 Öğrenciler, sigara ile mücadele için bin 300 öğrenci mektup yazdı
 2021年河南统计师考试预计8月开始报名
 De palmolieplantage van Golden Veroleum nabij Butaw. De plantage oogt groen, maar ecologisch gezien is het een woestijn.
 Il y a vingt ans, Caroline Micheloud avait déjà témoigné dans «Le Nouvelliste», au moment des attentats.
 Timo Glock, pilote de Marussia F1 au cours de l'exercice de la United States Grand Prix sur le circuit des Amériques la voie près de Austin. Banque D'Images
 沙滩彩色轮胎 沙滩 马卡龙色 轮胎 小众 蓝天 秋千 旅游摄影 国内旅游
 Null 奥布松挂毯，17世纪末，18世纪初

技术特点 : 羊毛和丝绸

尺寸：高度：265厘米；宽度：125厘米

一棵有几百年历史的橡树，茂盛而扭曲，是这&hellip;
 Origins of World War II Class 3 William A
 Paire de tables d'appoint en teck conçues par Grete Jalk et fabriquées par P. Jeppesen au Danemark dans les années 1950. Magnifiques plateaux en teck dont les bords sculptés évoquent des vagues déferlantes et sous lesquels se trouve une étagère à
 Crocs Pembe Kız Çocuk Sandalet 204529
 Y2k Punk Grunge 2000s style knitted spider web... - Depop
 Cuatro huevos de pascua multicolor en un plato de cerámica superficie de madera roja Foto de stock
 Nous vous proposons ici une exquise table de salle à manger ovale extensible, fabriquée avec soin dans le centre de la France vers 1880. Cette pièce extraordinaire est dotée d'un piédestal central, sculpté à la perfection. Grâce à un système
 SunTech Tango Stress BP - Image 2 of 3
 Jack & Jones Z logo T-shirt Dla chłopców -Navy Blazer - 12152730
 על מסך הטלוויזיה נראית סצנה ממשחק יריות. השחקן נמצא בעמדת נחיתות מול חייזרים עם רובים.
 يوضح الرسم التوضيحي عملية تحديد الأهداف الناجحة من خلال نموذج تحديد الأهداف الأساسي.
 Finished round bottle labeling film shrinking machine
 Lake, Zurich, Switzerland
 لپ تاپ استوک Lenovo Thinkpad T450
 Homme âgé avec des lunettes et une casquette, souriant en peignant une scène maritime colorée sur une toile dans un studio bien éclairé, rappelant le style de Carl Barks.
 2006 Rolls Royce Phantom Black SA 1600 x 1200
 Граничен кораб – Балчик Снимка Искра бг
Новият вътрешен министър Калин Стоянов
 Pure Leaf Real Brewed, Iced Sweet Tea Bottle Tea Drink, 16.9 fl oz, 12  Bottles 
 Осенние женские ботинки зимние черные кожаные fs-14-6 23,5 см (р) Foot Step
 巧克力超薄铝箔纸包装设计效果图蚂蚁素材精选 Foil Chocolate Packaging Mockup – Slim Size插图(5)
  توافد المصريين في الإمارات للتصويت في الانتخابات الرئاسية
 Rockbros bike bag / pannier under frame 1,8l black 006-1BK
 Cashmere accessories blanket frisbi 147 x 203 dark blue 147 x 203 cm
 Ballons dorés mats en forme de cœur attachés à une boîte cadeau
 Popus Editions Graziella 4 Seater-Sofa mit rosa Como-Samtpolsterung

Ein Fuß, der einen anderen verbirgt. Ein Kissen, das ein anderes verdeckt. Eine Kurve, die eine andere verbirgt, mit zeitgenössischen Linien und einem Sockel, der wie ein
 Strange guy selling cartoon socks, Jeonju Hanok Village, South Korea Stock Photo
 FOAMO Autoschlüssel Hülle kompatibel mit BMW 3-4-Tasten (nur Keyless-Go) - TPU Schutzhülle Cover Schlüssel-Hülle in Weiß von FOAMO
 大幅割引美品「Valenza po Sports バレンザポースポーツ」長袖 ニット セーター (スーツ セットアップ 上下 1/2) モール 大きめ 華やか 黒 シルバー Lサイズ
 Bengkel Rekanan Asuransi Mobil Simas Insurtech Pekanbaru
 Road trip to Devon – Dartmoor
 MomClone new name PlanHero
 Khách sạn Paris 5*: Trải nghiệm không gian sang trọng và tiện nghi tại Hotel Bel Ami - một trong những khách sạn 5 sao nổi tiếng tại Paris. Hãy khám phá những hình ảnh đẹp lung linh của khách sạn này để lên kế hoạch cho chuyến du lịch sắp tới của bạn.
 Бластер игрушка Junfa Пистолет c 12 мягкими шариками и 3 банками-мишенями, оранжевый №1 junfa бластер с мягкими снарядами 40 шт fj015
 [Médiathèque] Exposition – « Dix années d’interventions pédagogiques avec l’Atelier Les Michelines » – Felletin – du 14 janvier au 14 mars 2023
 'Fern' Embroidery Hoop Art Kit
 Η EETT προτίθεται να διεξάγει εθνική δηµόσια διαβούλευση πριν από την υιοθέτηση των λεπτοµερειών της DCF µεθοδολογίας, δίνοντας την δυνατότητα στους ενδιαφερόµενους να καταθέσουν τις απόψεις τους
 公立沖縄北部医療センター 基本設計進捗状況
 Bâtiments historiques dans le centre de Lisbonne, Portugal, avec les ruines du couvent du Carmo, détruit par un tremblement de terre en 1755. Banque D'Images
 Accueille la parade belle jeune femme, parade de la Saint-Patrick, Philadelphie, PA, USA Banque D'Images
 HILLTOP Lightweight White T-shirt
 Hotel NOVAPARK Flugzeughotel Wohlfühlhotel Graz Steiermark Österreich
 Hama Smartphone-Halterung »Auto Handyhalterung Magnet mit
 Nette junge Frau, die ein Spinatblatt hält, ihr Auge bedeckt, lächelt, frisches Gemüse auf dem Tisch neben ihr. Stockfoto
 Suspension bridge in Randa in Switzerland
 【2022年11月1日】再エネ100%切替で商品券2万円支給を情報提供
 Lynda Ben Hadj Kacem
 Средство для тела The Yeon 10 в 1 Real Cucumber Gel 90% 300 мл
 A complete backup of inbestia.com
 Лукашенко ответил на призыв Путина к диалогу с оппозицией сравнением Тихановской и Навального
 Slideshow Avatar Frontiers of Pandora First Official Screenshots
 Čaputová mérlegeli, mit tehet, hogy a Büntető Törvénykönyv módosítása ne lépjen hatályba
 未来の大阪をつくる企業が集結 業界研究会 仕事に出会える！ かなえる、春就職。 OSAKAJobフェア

+ + + +

ABOUT THIS TASK
Of all the entries above, retype exactly the lines from the line with "Bâtiments historiques dans" to the line with "Handyhalterung Magnet mit", both included, and no others.

RESPONSE BELOW
 Bâtiments historiques dans le centre de Lisbonne, Portugal, avec les ruines du couvent du Carmo, détruit par un tremblement de terre en 1755. Banque D'Images
 Accueille la parade belle jeune femme, parade de la Saint-Patrick, Philadelphie, PA, USA Banque D'Images
 HILLTOP Lightweight White T-shirt
 Hotel NOVAPARK Flugzeughotel Wohlfühlhotel Graz Steiermark Österreich
 Hama Smartphone-Halterung »Auto Handyhalterung Magnet mit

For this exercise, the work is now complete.